_Given information_
▼▼▼
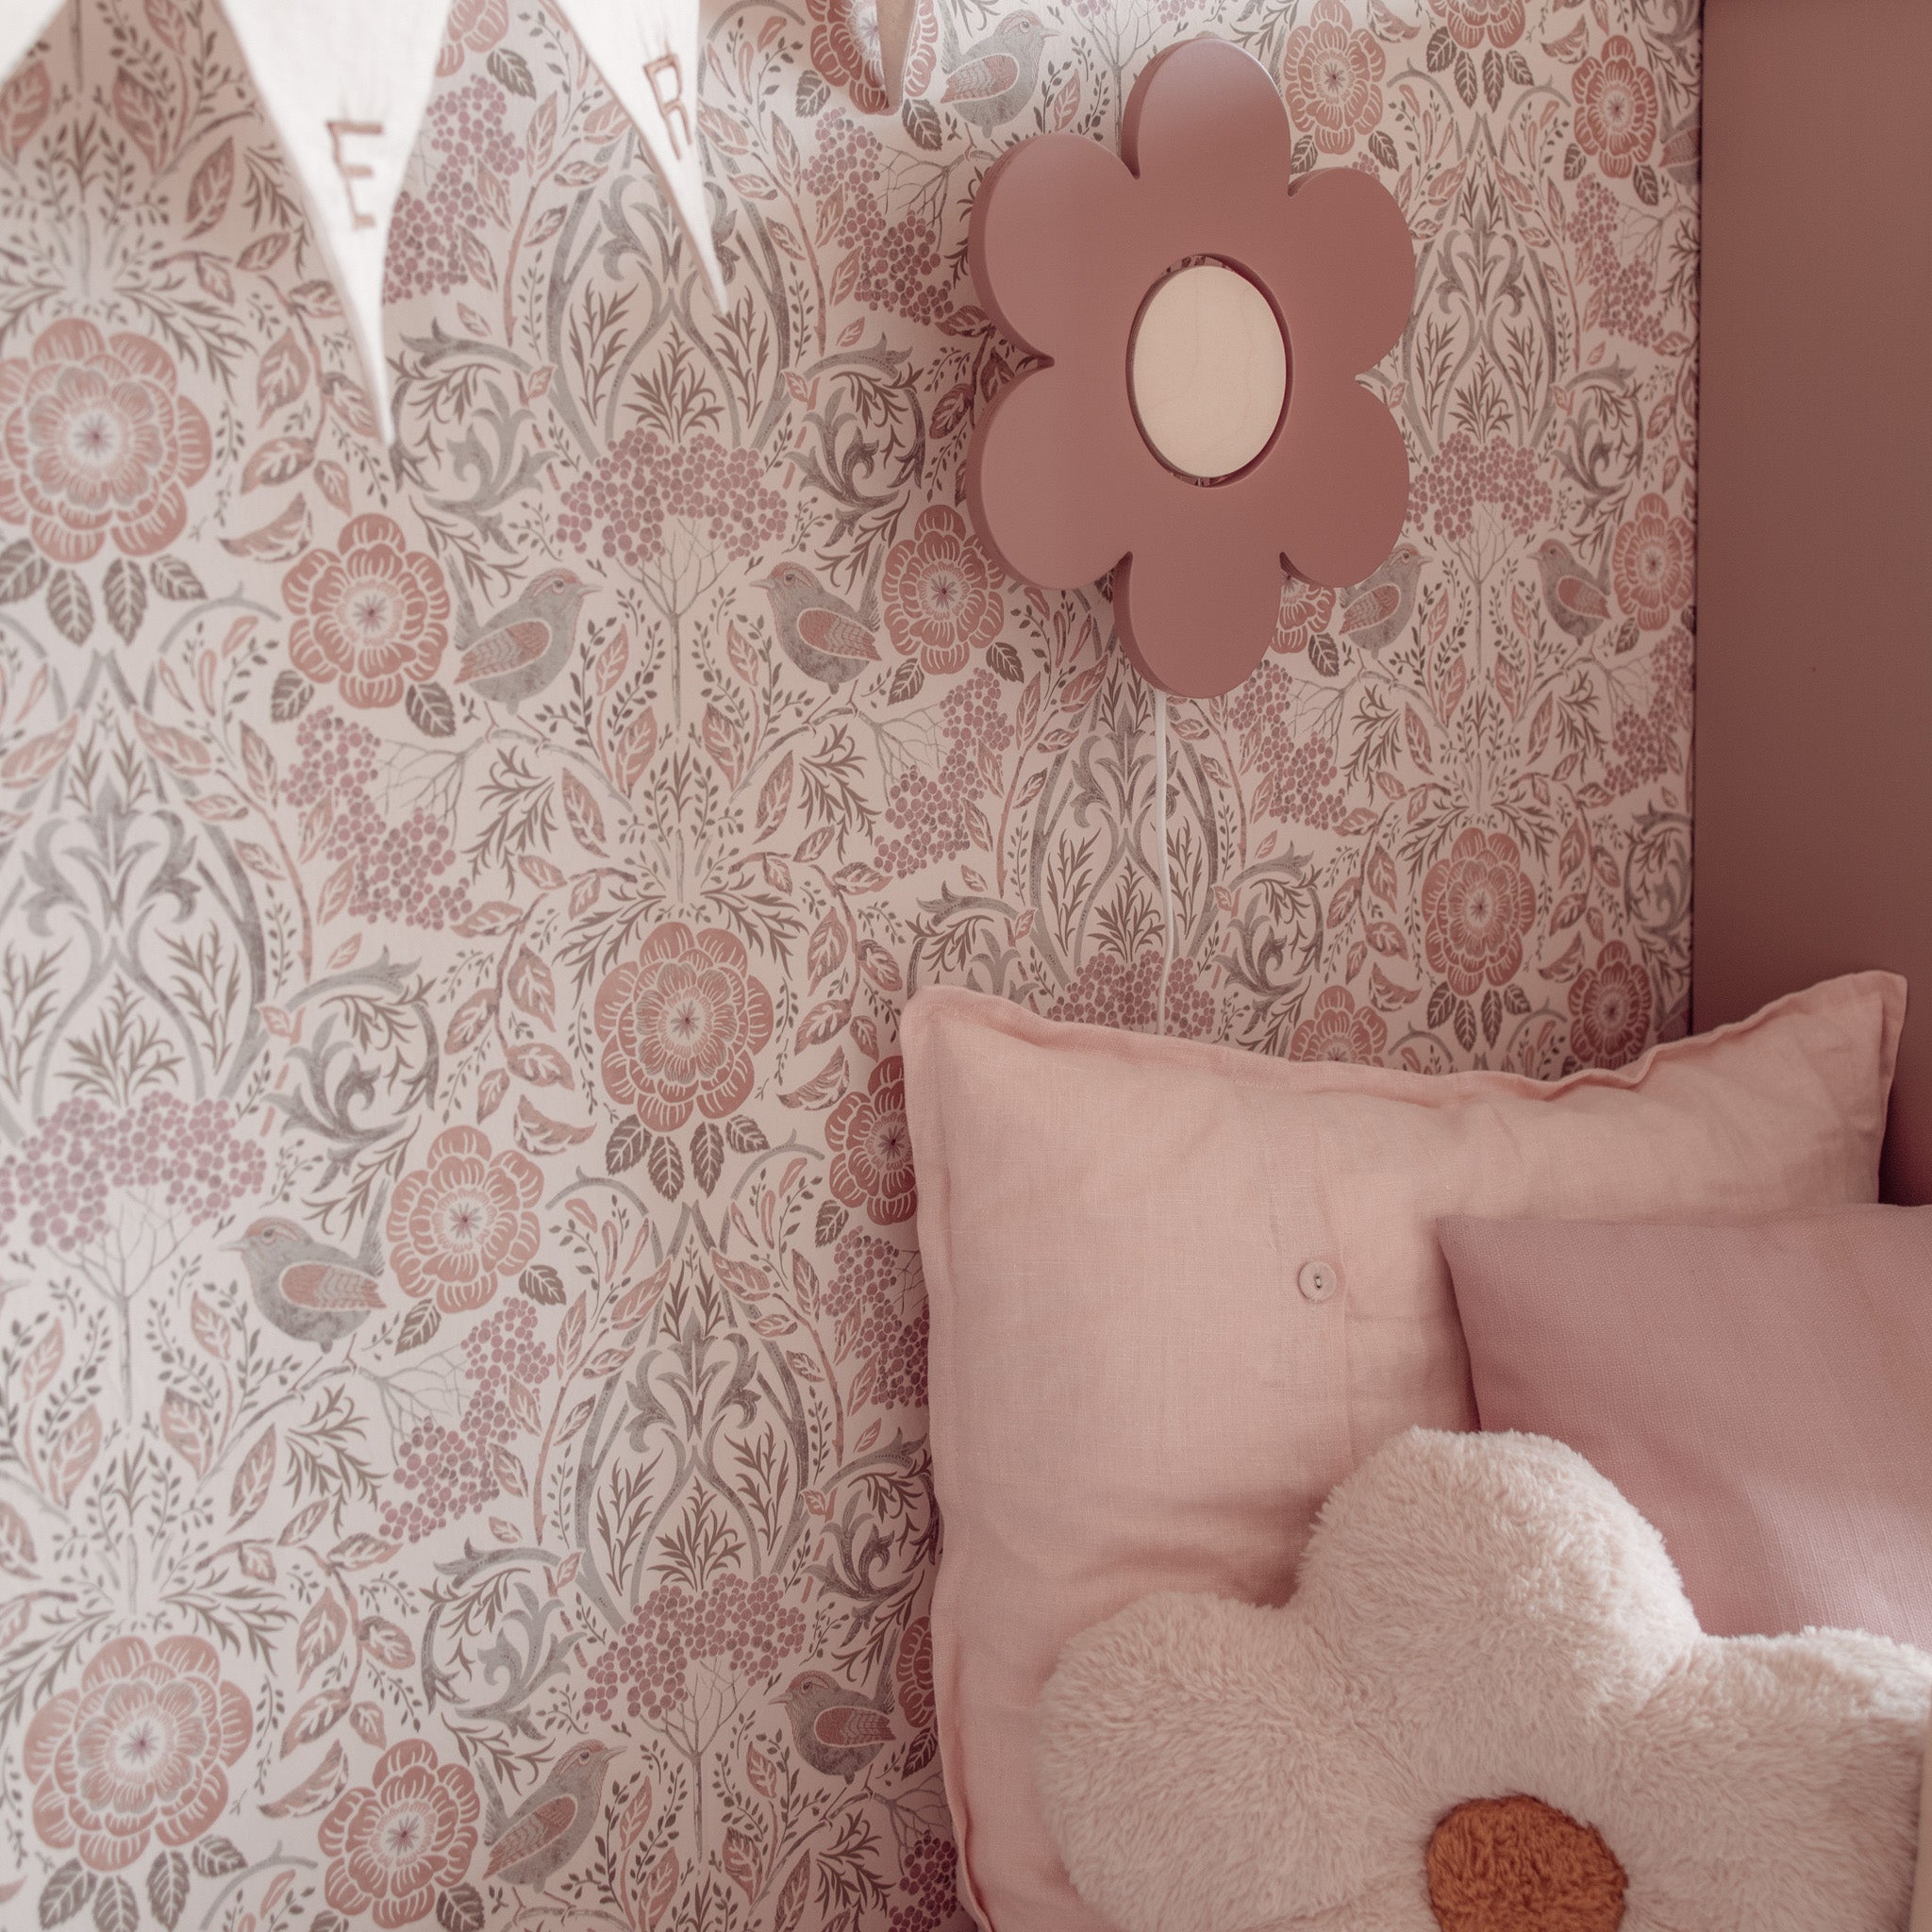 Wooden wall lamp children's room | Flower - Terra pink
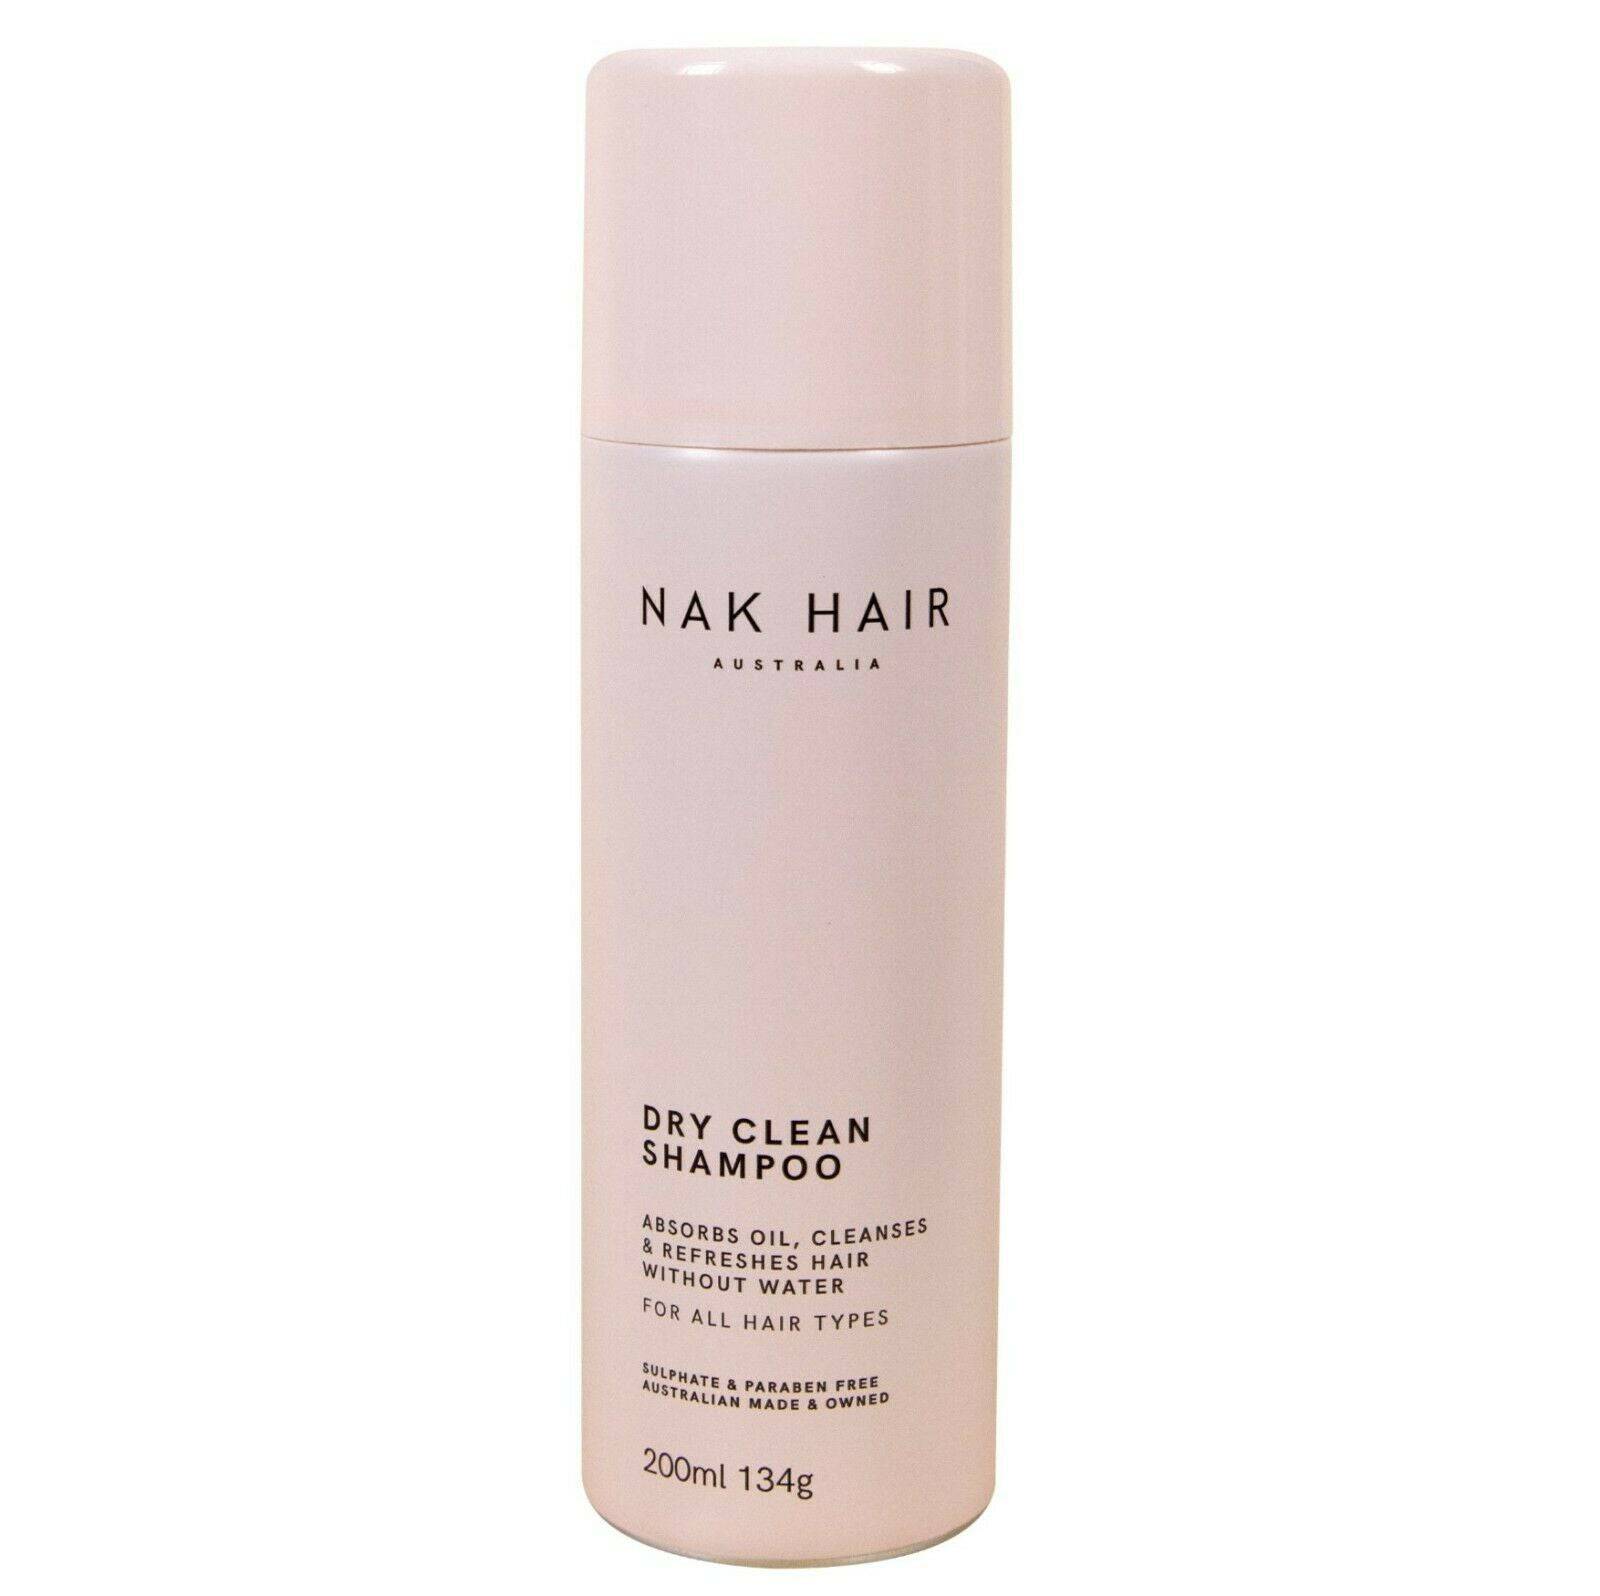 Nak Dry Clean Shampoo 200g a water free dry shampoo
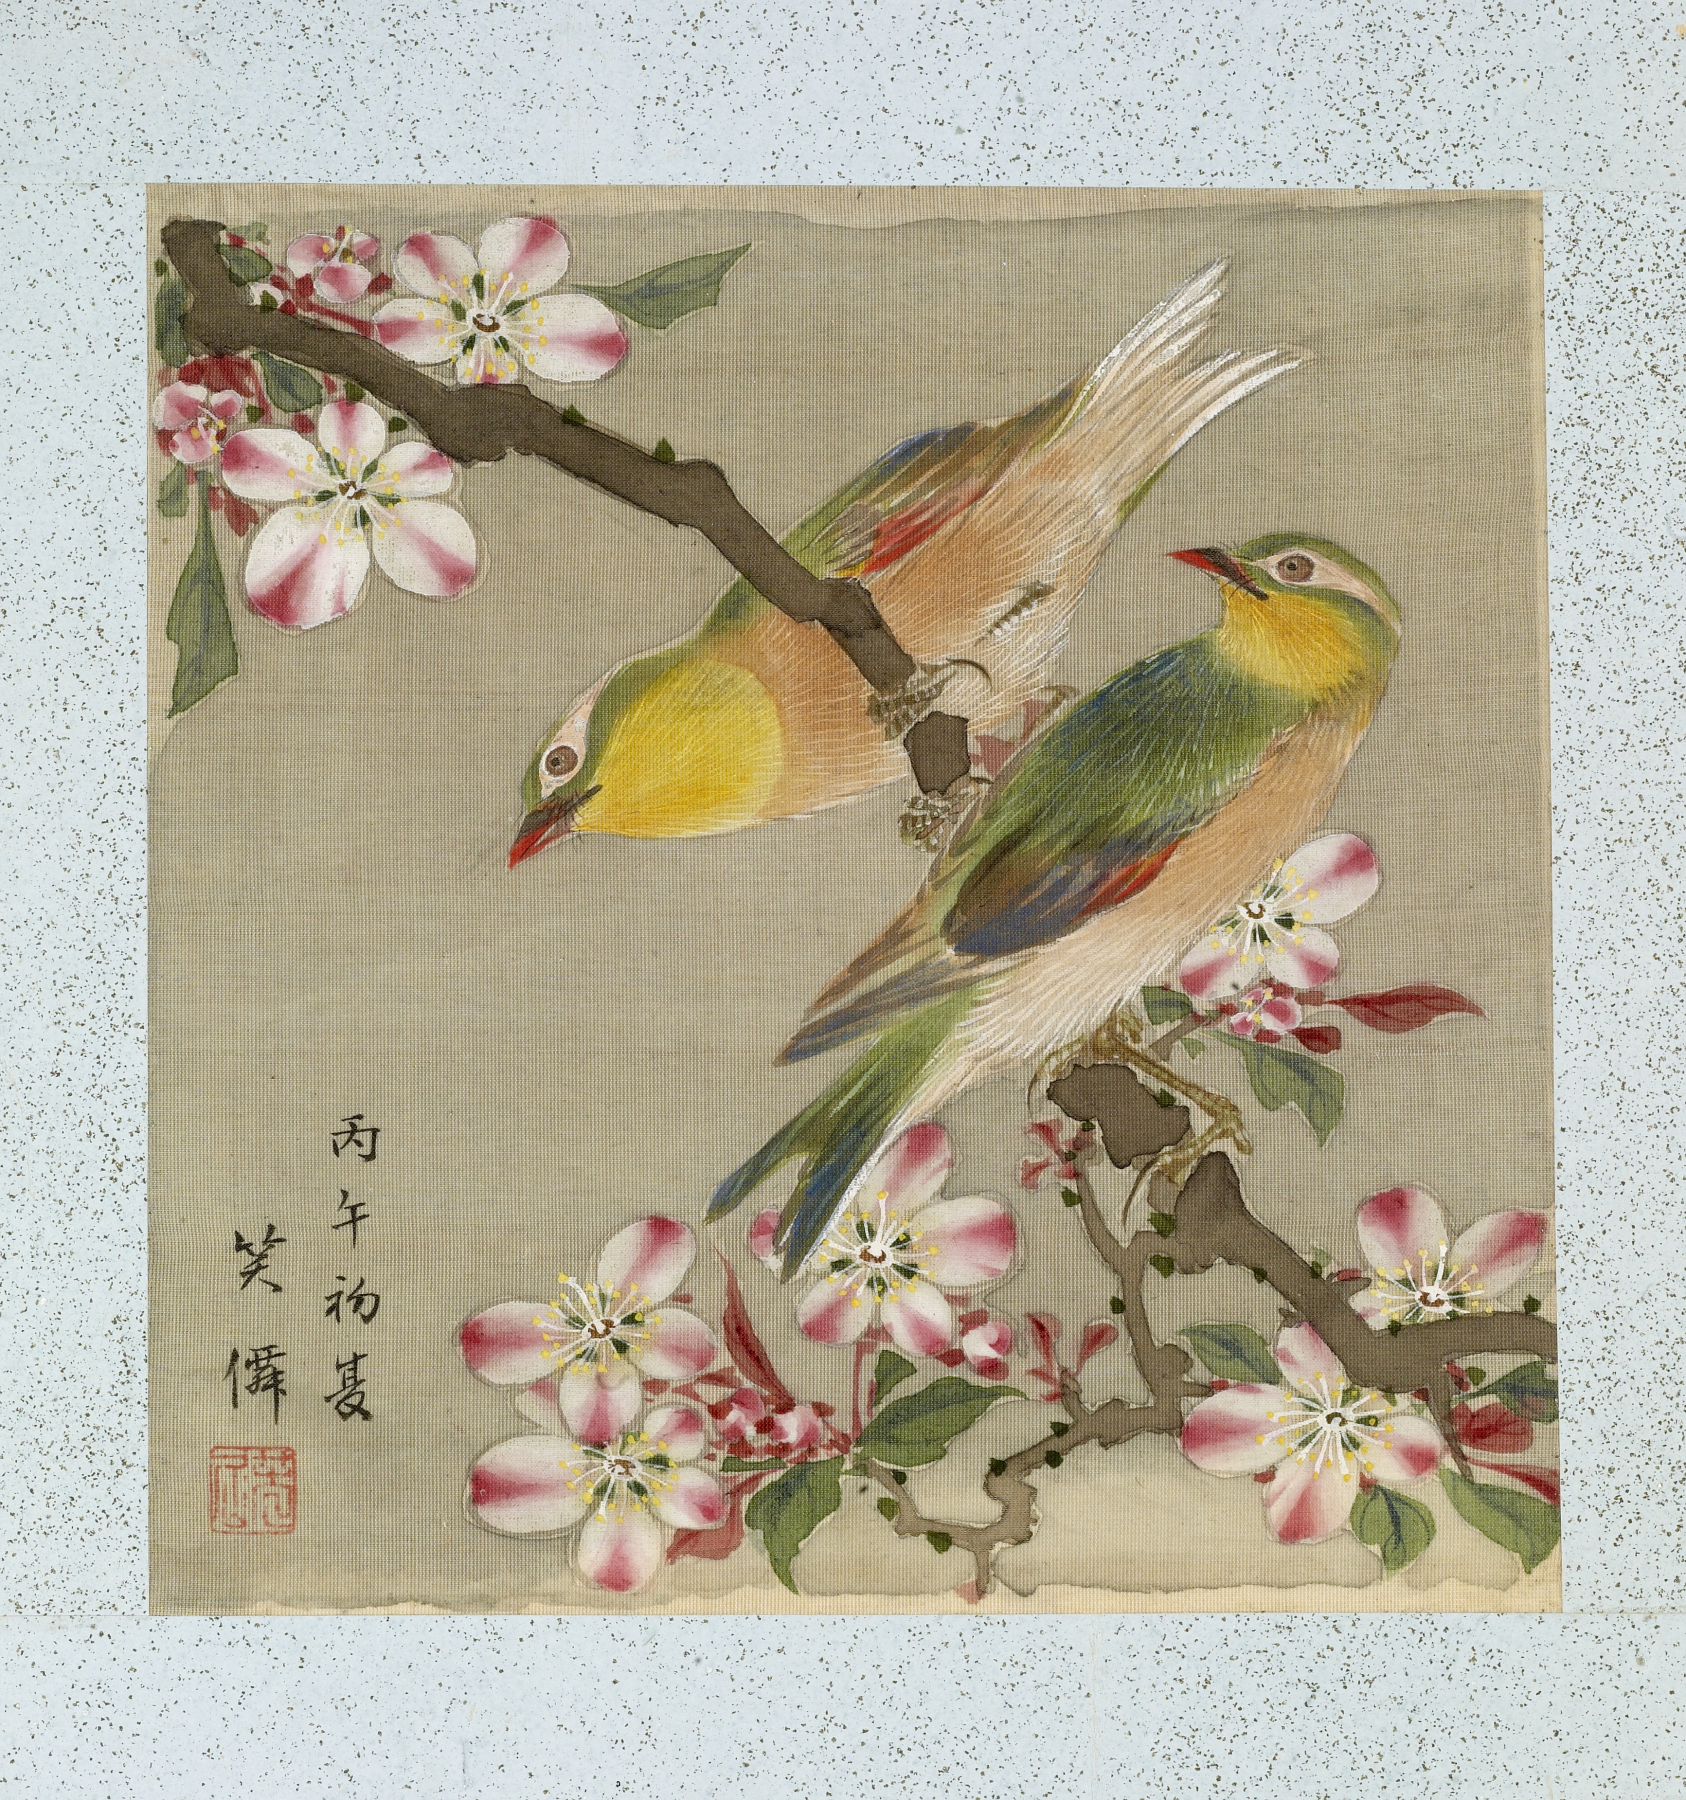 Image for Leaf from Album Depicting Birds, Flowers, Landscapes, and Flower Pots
▲▲▲
_Exercise details_
The data above should be repeated exactly, minus any pictures.

_Output of the exercise_
 Wooden wall lamp children's room | Flower - Terra pink
 Nak Dry Clean Shampoo 200g a water free dry shampoo
 Image for Leaf from Album Depicting Birds, Flowers, Landscapes, and Flower Pots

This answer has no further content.